▶ _TASK_
Pictures are to be omitted; everything else in the data must be transcribed exactly.
─── SUPPLIED DATA ───
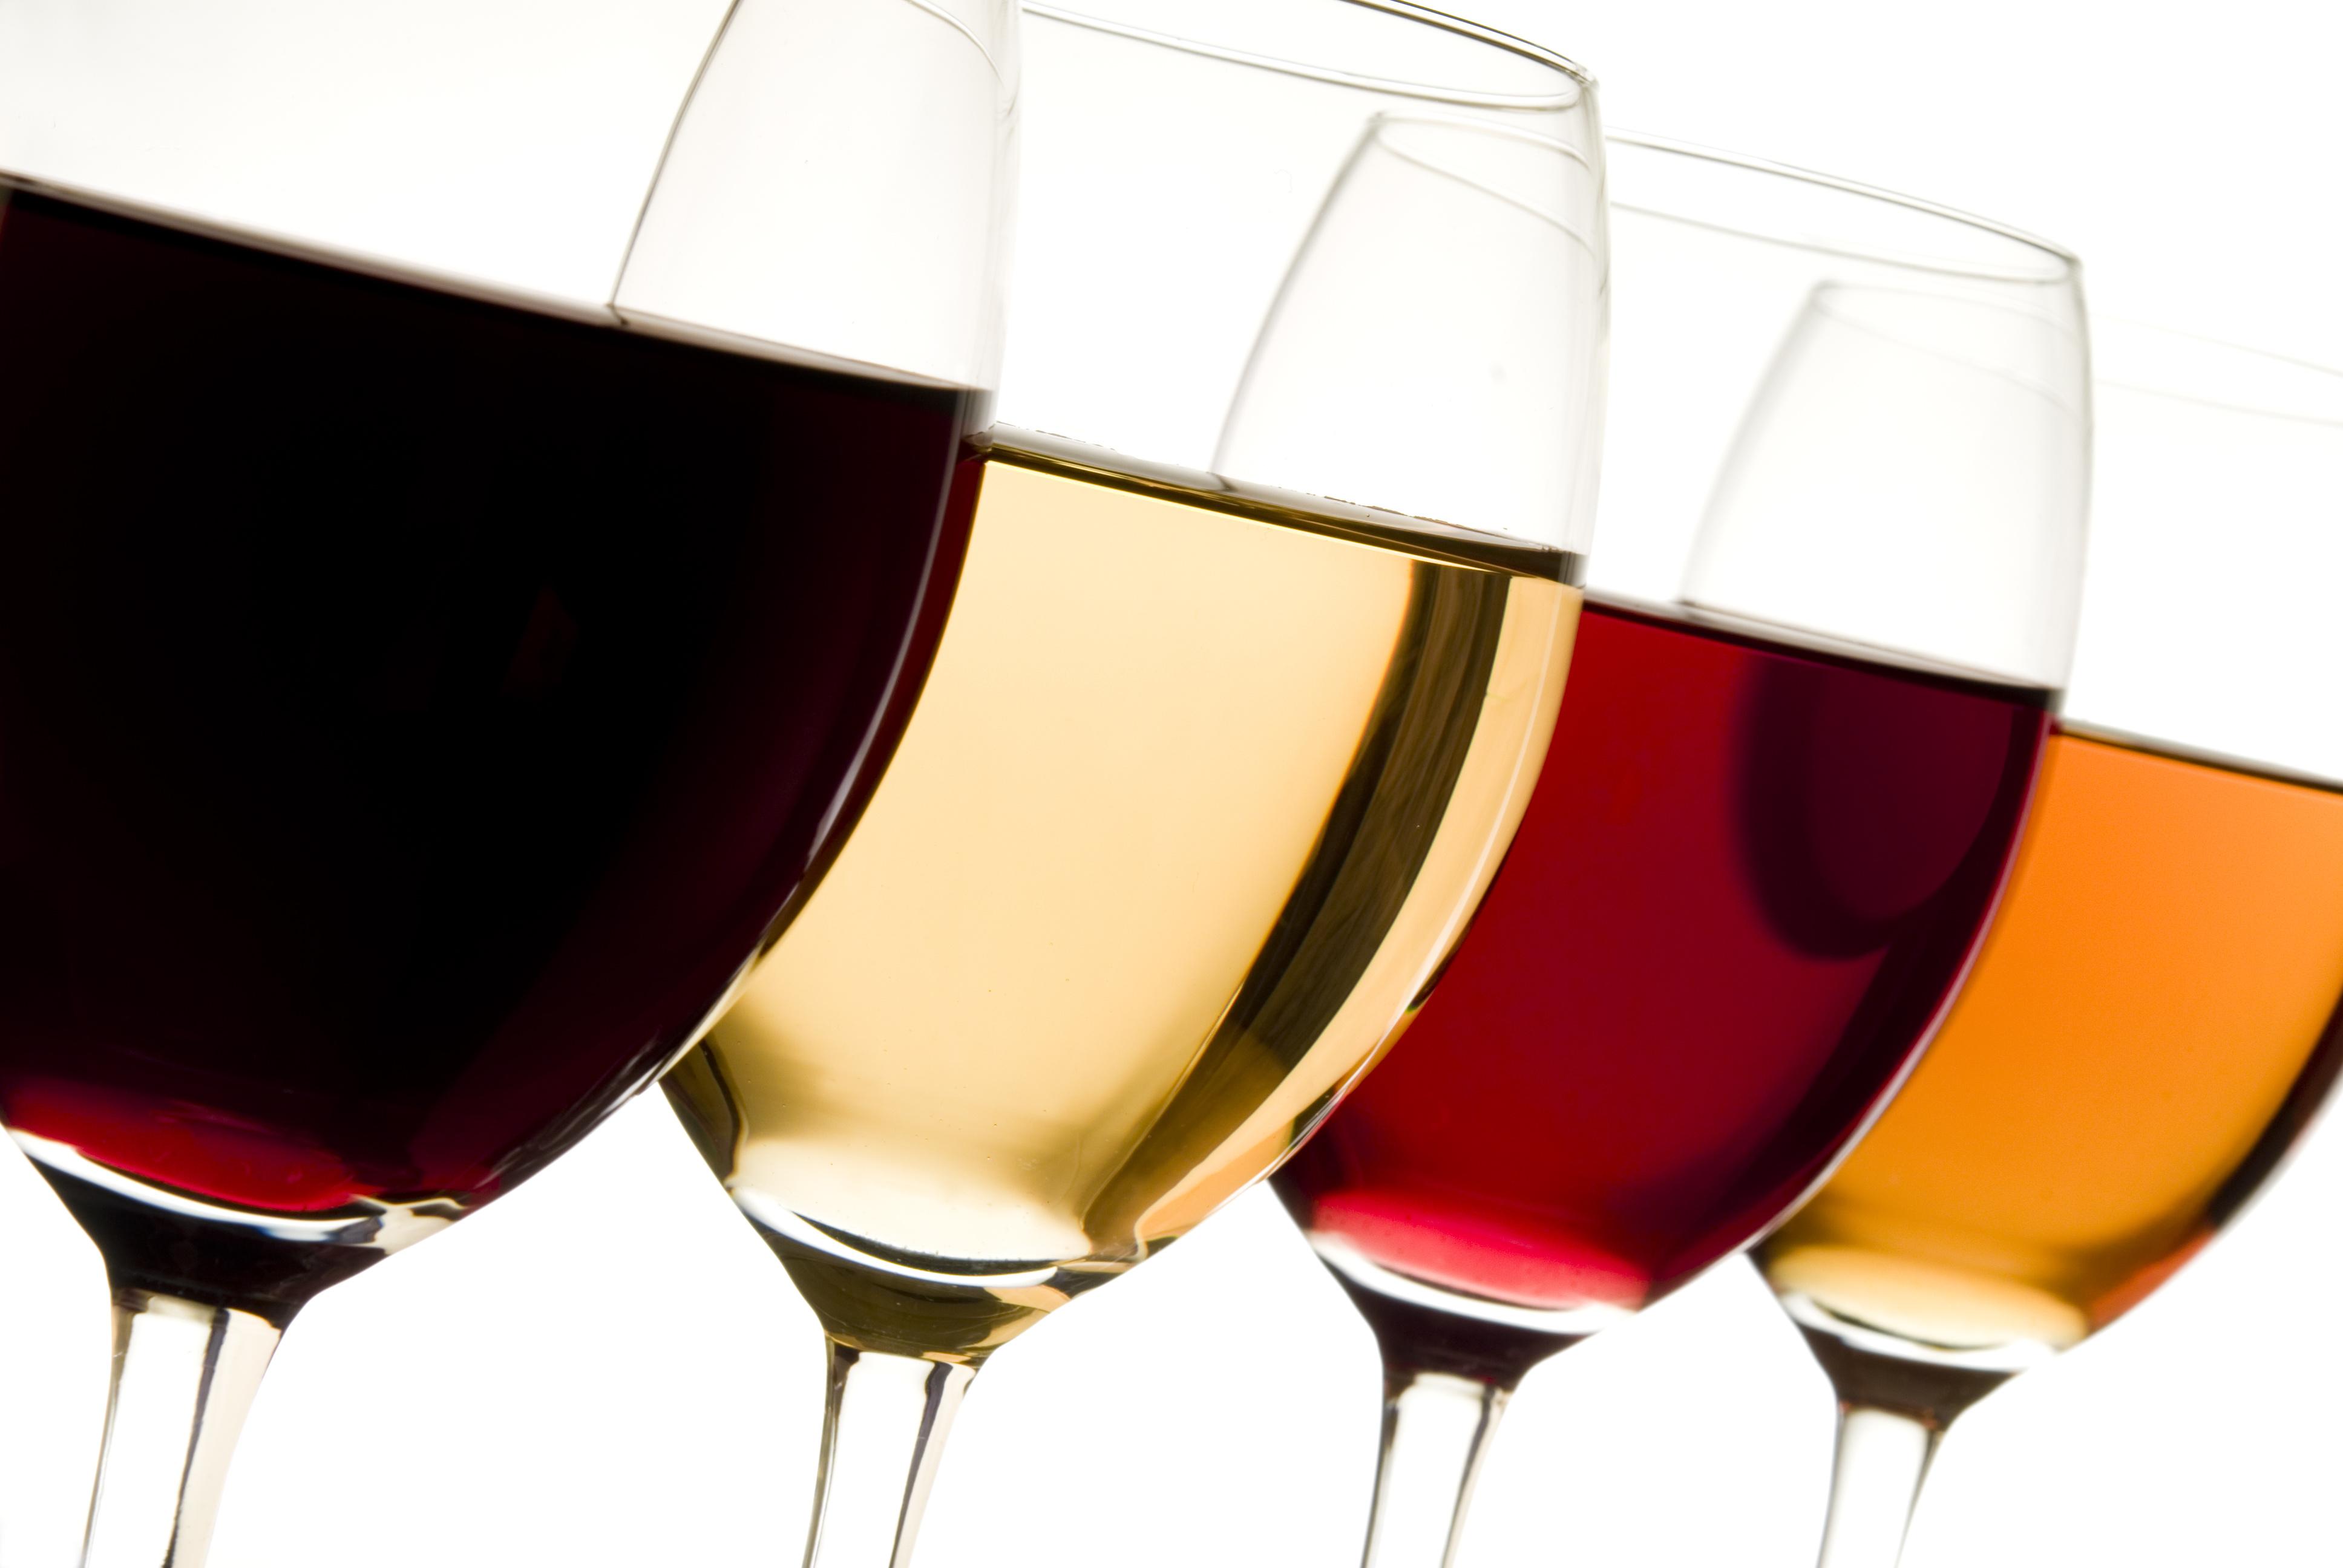 Un Vino, una comida
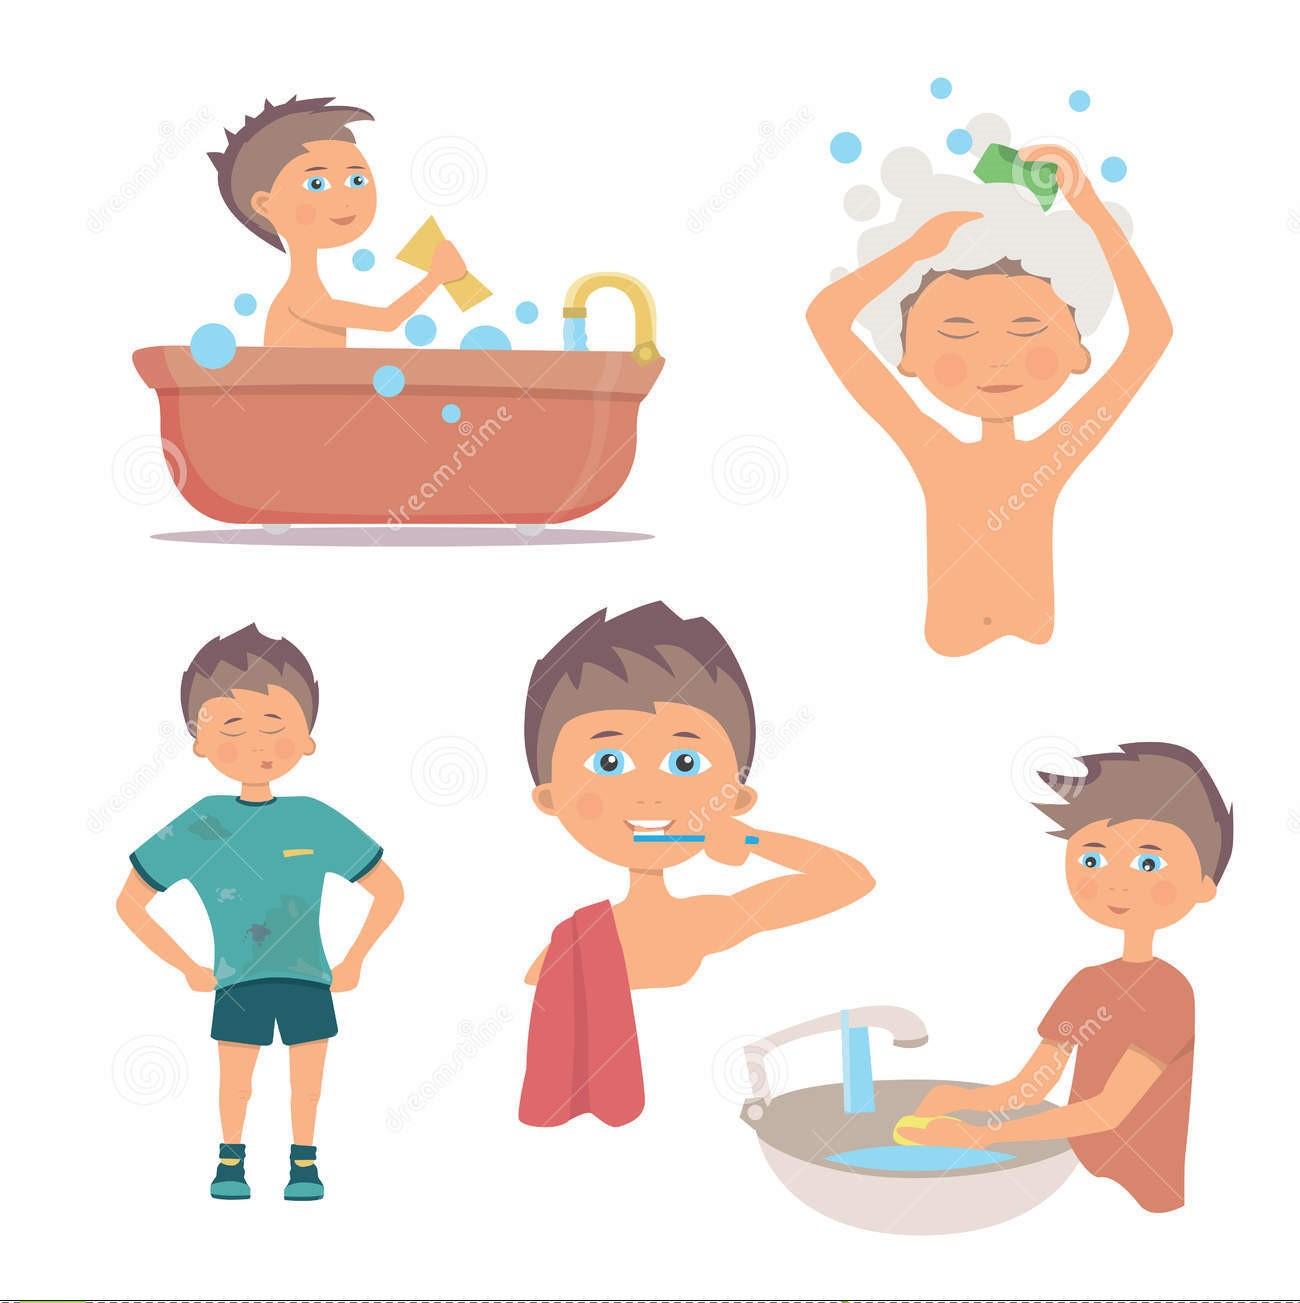 hygiene personal hands washing boy morning procedure tips persoonlijke van higiene hygiene body cartoon workplace clean ochtend het clipart zaragoza
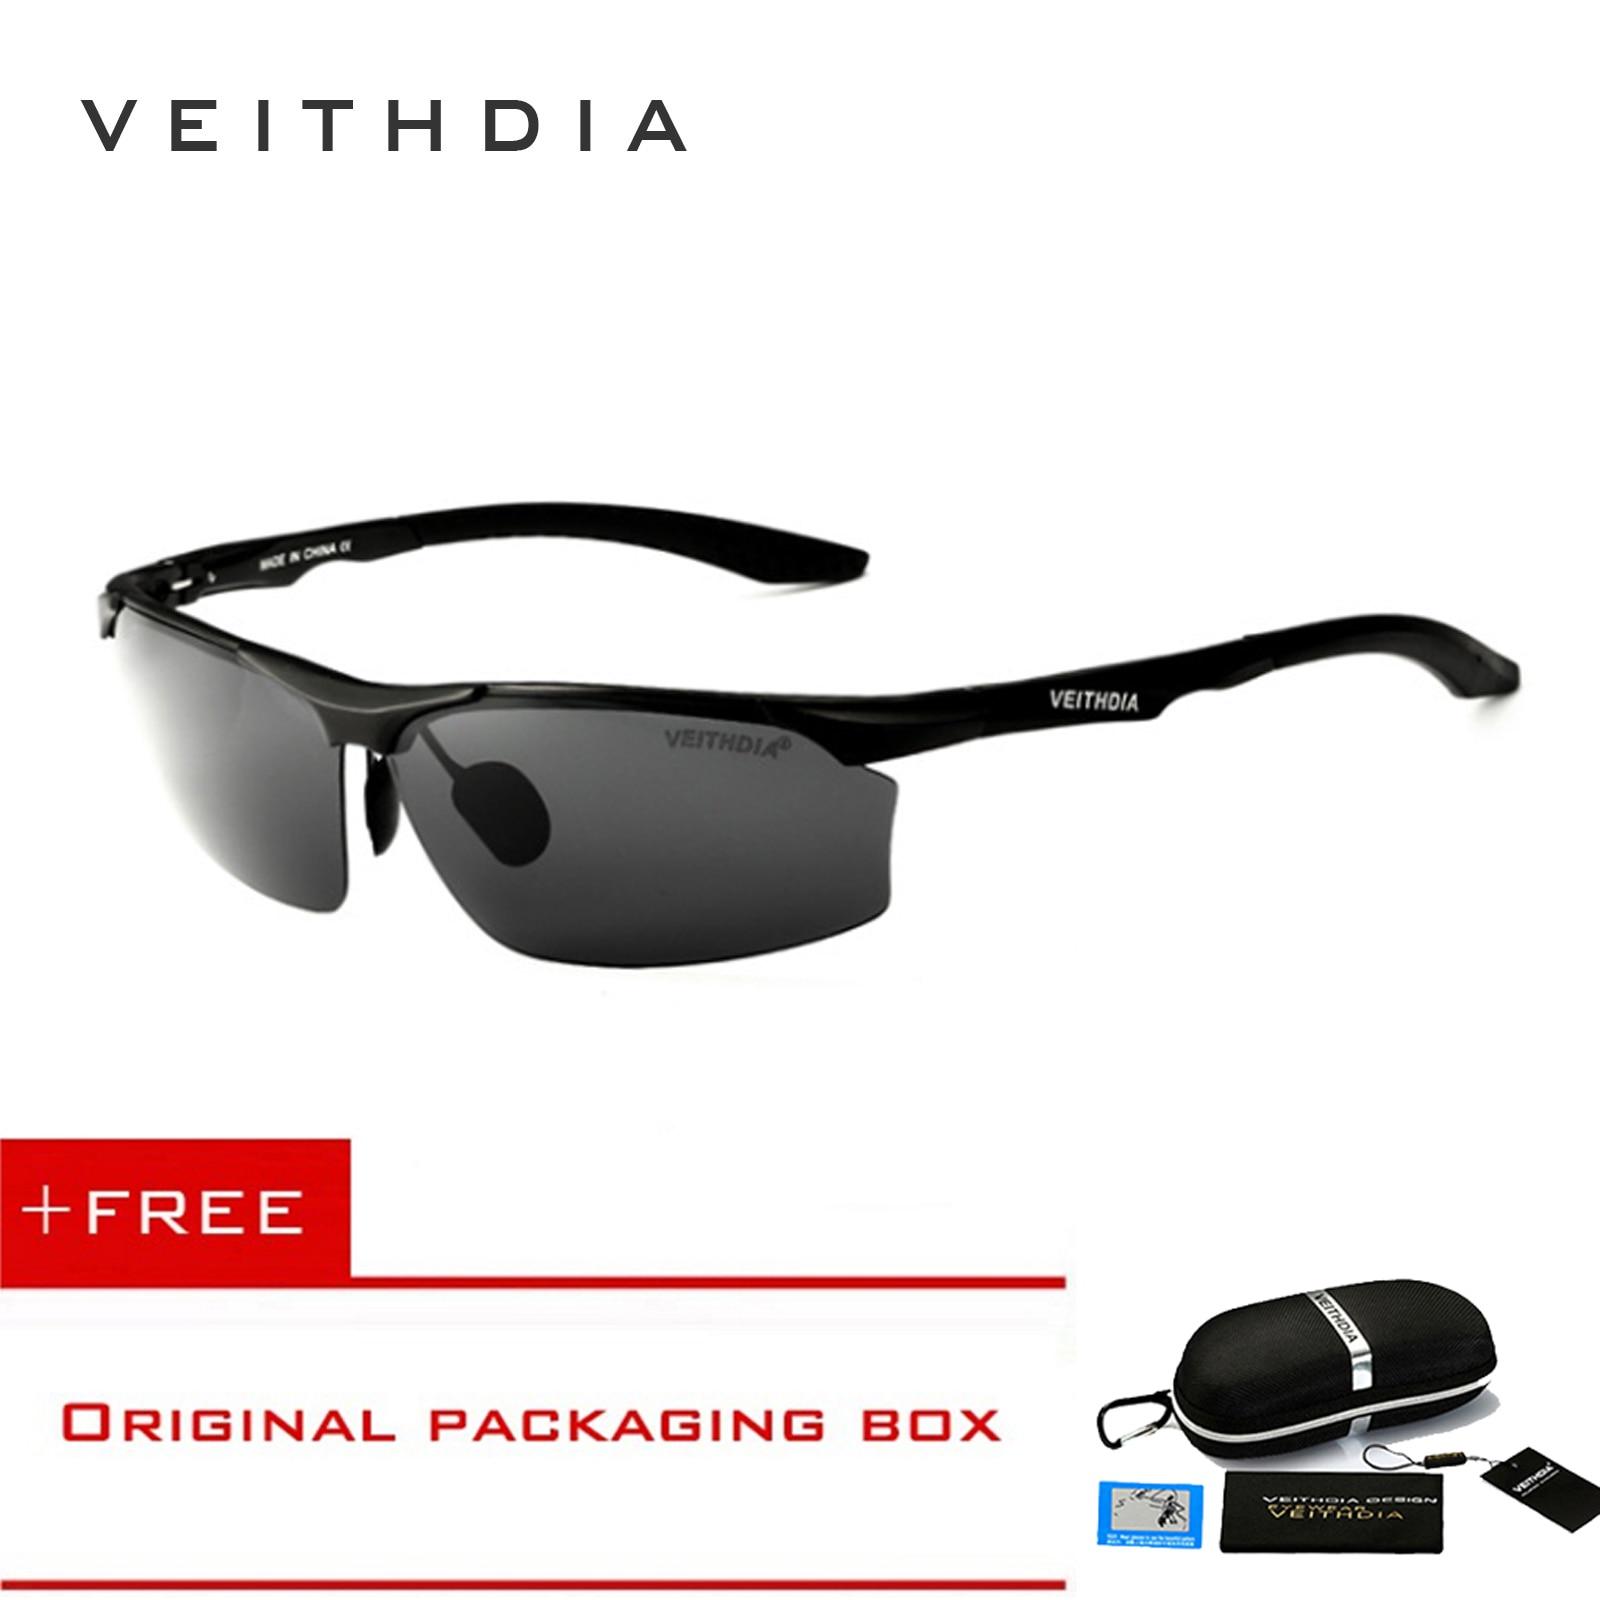 VEITHDIA Semi-rimless Aluminum Magnesium Brand Polarizerd Sunglasses Men Sun Glass Driving Glasses Mirror Eyewear for Men shades
───
▶ _YOUR SOLUTION_
 Un Vino, una comida
 hygiene personal hands washing boy morning procedure tips persoonlijke van higiene hygiene body cartoon workplace clean ochtend het clipart zaragoza
 VEITHDIA Semi-rimless Aluminum Magnesium Brand Polarizerd Sunglasses Men Sun Glass Driving Glasses Mirror Eyewear for Men shades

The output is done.